= 2003–04 OB I bajnoksag season =

Hungarian ice hockey season

The 2003–04 OB I bajnokság season was the 67th season of the OB I bajnokság, the top level of ice hockey in Hungary.

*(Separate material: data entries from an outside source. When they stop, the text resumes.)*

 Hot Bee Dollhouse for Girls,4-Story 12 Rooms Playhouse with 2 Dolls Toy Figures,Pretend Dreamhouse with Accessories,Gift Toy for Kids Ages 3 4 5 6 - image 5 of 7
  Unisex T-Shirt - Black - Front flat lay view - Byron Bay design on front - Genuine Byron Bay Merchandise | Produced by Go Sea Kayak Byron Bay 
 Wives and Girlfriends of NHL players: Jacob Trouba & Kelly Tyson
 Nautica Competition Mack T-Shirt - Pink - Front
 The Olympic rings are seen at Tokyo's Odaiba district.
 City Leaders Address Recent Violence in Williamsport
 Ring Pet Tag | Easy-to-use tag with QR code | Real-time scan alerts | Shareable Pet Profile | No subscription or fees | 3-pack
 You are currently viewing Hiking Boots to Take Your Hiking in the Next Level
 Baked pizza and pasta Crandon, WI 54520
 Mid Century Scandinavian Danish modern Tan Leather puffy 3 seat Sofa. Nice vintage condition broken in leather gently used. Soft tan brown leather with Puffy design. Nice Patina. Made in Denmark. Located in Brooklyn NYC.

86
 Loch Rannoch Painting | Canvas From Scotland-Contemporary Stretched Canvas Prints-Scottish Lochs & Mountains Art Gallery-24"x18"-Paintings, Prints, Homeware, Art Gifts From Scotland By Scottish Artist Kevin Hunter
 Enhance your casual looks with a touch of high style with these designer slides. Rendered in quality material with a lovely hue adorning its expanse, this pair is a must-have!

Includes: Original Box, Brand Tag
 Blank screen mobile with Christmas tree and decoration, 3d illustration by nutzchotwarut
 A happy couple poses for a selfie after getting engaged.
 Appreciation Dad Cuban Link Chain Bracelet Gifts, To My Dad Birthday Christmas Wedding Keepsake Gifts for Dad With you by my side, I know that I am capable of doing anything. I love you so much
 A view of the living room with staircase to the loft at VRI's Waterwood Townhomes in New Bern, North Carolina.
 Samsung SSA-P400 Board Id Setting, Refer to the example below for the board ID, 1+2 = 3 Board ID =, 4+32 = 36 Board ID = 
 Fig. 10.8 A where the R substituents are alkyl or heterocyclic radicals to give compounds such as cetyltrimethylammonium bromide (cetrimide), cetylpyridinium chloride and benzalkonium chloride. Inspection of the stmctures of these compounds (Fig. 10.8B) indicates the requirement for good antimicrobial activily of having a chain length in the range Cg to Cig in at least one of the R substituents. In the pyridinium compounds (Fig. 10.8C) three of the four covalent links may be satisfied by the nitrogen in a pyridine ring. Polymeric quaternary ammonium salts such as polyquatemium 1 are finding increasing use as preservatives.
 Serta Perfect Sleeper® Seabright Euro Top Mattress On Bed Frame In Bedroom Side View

Six teams participated in the league, and Alba Volan Szekesfehervar won the championship.

==First round==

|  | Club | GP | W | OTW | OTL | L | Goals | Pts |
|---|---|---|---|---|---|---|---|---|
| 1. | Alba Volán Székesfehérvár | 10 | 9 | 0 | 1 | 0 | 62:20 | 28 |
| 2. | Dunaújvárosi AC | 10 | 7 | 2 | 0 | 1 | 87:19 | 25 |
| 3. | Ferencvárosi TC | 10 | 6 | 0 | 1 | 3 | 60:36 | 19 |
| 4. | Újpesti TE | 10 | 4 | 0 | 0 | 6 | 37:59 | 12 |
| 5. | Miskolci Jegesmedvék | 10 | 1 | 0 | 0 | 9 | 27:77 | 3 |
| 6. | Gyori HC | 10 | 1 | 0 | 0 | 9 | 21:83 | 3 |

== Second round ==

=== Group I ===

|  | Club | GP | W | OTW | OTL | L | Goals | Pts |
|---|---|---|---|---|---|---|---|---|
| 1. | Alba Volán Székesfehérvár | 8 | 7 | 0 | 1 | 0 | 38:14 | 22 |
| 2. | Dunaújvárosi AC | 8 | 3 | 2 | 0 | 3 | 33:32 | 13 |
| 3. | Ferencvárosi TC | 8 | 0 | 0 | 1 | 7 | 22:47 | 1 |

=== Group II ===

|  | Club | GP | W | OTW | OTL | L | Goals | Pts |
|---|---|---|---|---|---|---|---|---|
| 4. | Újpesti TE | 8 | 8 | 0 | 0 | 0 | 54:28 | 24 |
| 5. | Gyori HC | 8 | 3 | 0 | 0 | 5 | 27:41 | 9 |
| 6. | Miskolci Jegesmedvék | 8 | 1 | 0 | 0 | 7 | 29:41 | 3 |

== Playoffs ==

=== 3rd place ===
- Ferencvárosi TC - Újpesti TE 2:0 (7:2, 5:3)

=== Final ===
- Alba Volán Székesfehérvár - Dunaújvárosi AC 4:1 (3:1, 1:0, 2:3 SO, 6:0, 3:2 SO)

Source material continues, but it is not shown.